Perhaps the most interesting finding for myself was seeing how much the
include_path
affects performance, particularly when using an opcode cache. In
each case, I had the directory with my test classes listed as the first item in
the include_path
— which is the optimal location (previous benchmarking and
profiling I've done shows that performance degrades quickly the deeper the
matching entry is within the include_path
). Even in the non-accelerated tests,
the PSR-0 implementation, which does not use the include_path
, is >10%
faster, a difference that jumps to almost 40% with acceleration. The same
differences are true also with the class map implementations.
While these changes are very much micro-optimizations (remember, the numbers
above indicate 16^3
classes loaded — a single class loads in matters of
1/10,000th of a second), if you are loading hundreds or thousands of unique
classes over your application lifecycle, the evidence clearly shows some
significant performance benefits from the usage of class maps and
fully-qualified paths.
Conclusions
Each approach has its merits. During development, you don't want to necessarily run a script to generate the class map or manually update the class map every time you add a new class. That said, if you expect a lot of traffic to your site, it's trivially easy to run a script during deployment to build the class map for you, and thus let you eke out a little extra performance from your application.

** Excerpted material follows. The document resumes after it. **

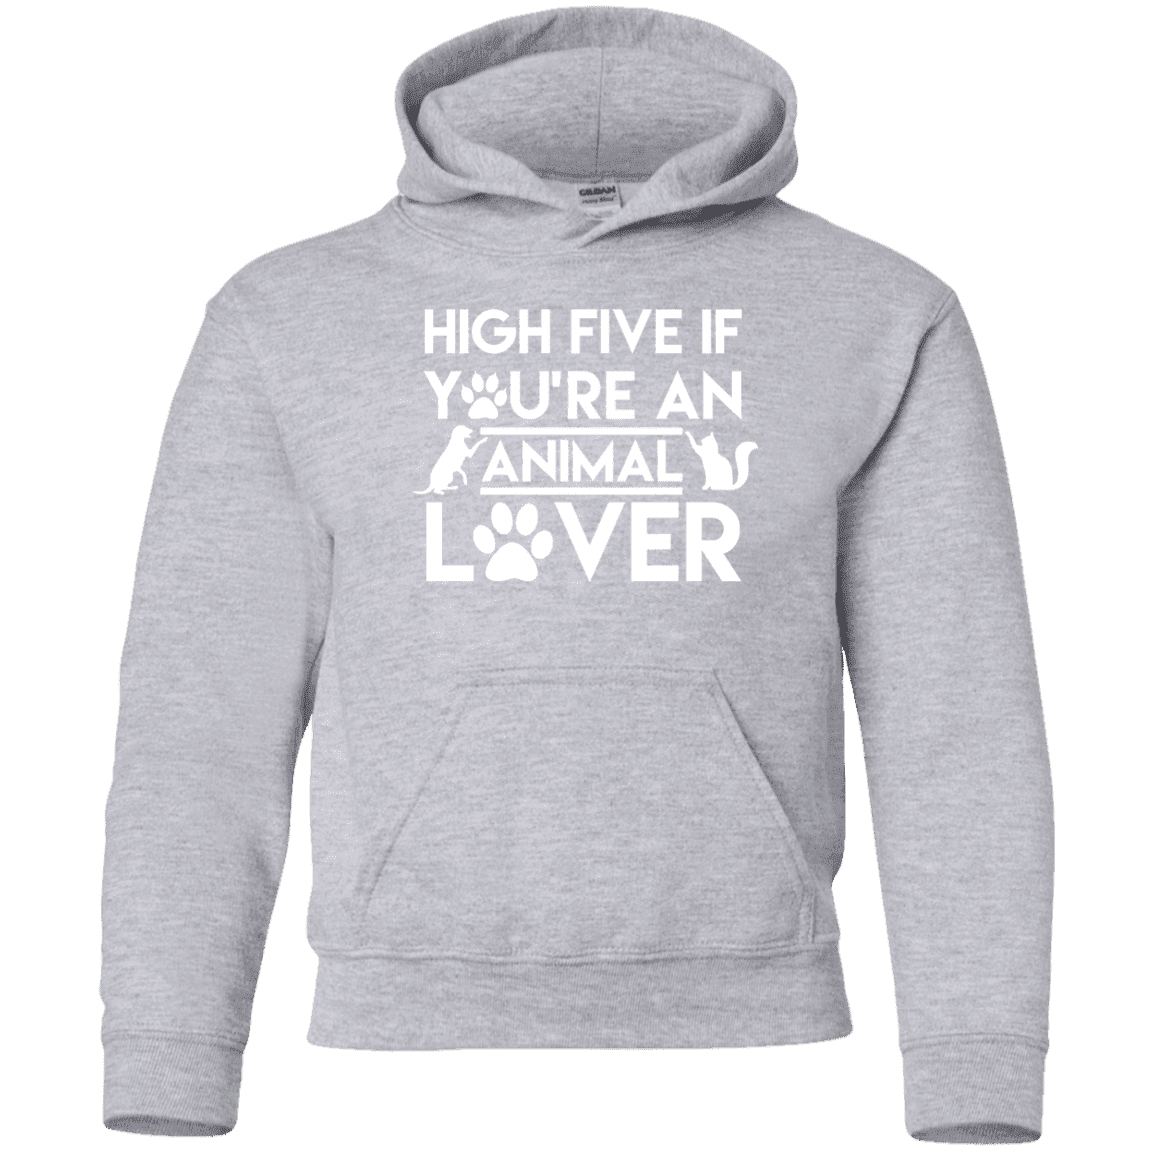 High Five If You're An Animal Lover - Youth Hoodie.
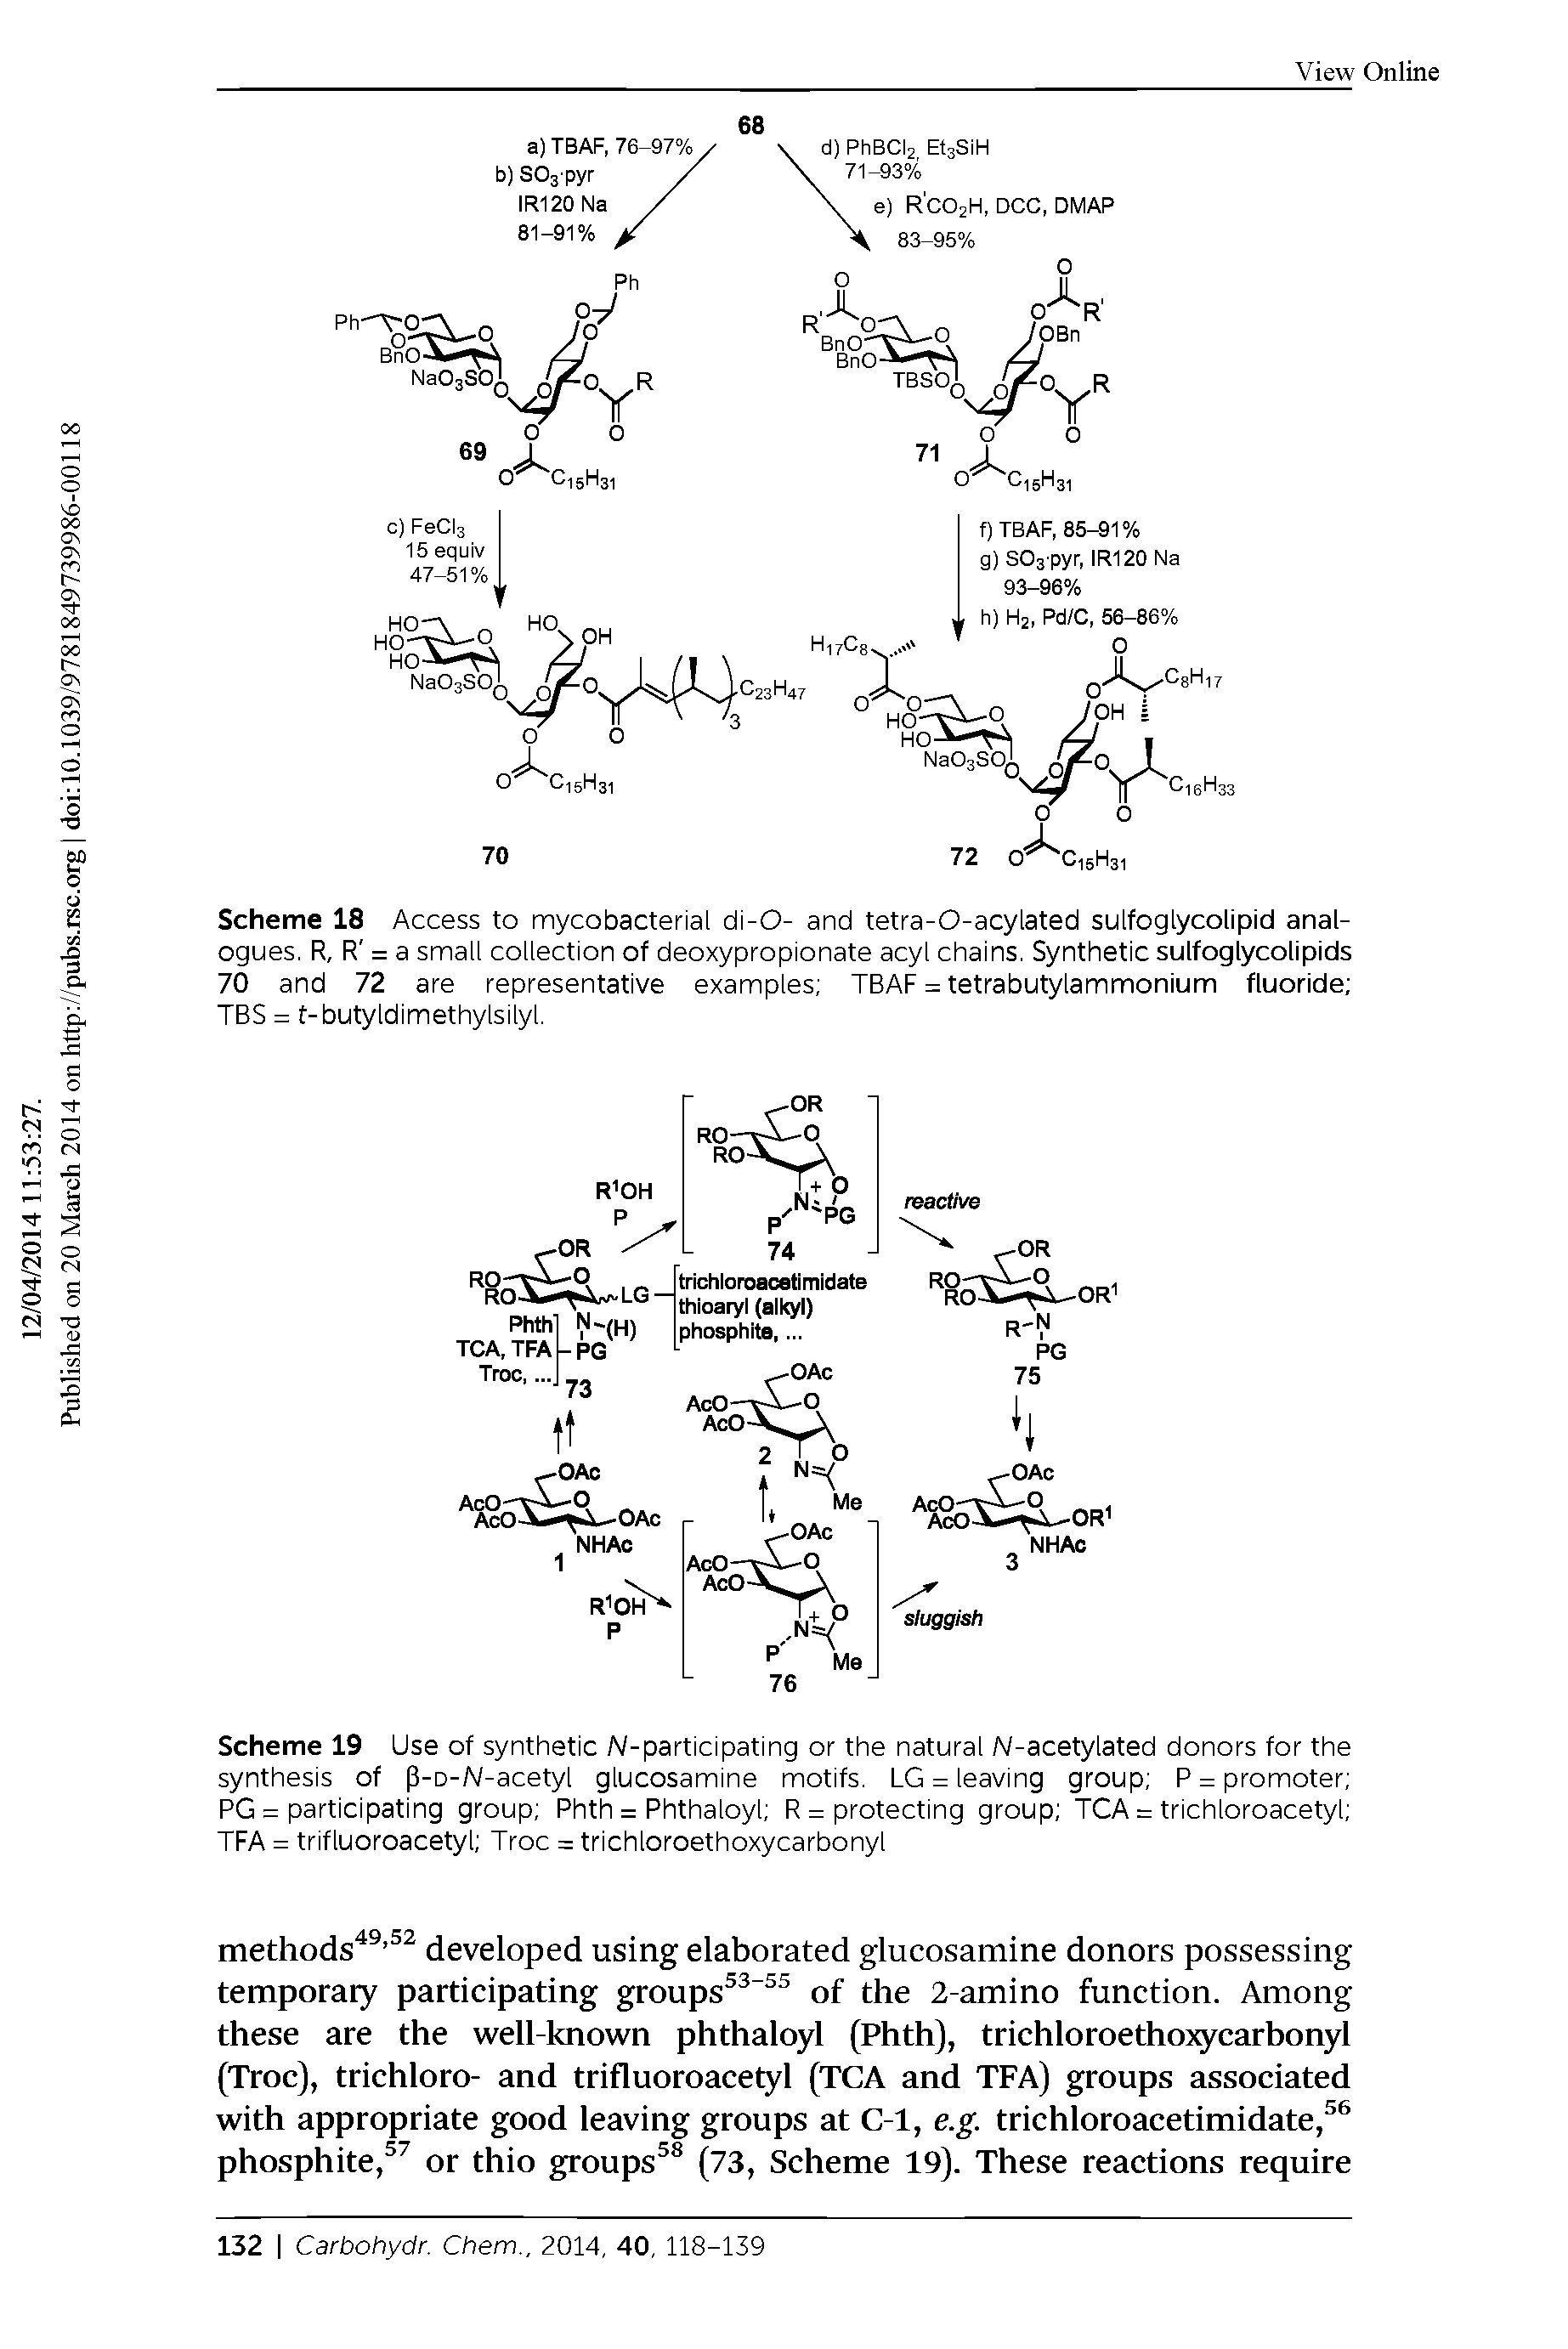 Scheme 19 Use of synthetic -participating or the natural N-acetylated donors for the synthesis of p-o-N-acetyl glucosamine motifs. LG = leaving group P = promoter PG = participating group Phth = Phthaloyl R = protecting group TCA = trichloroacetyl TFA = trifluoroacetyl Troc = trichloroethoxycarbonyl...

One clear realization from this experiment is that the include_path
is a poor
way to resolve files in current incarnations of PHP. While the degradation is
not huge when your initial path matches, it still introduces a performance hit.
Additionally, it makes setup of the applications harder, as you then must
document the proper usage of the include_path
; using __DIR__
with either a
PSR-0-style or class map autoloader is more easily portable and requires less
education of end-users.
One interesting use case for a classmap based autoloader is to assist in optimizing existing ZF1 applications. The script could be run over your "application" directory to build a classmap of your application resource classes. This would allow you to bypass the various resource autoloaders and custom logic of the dispatcher for finding controller classes. It could also potentially serve as one part of a migration suite between ZF1 and ZF2.
I will be recommending that Zend Framework 2.0 use both PSR-0 and class map
strategies, without reliance on the include_path
, and provide tools and
scripts to aid deployment.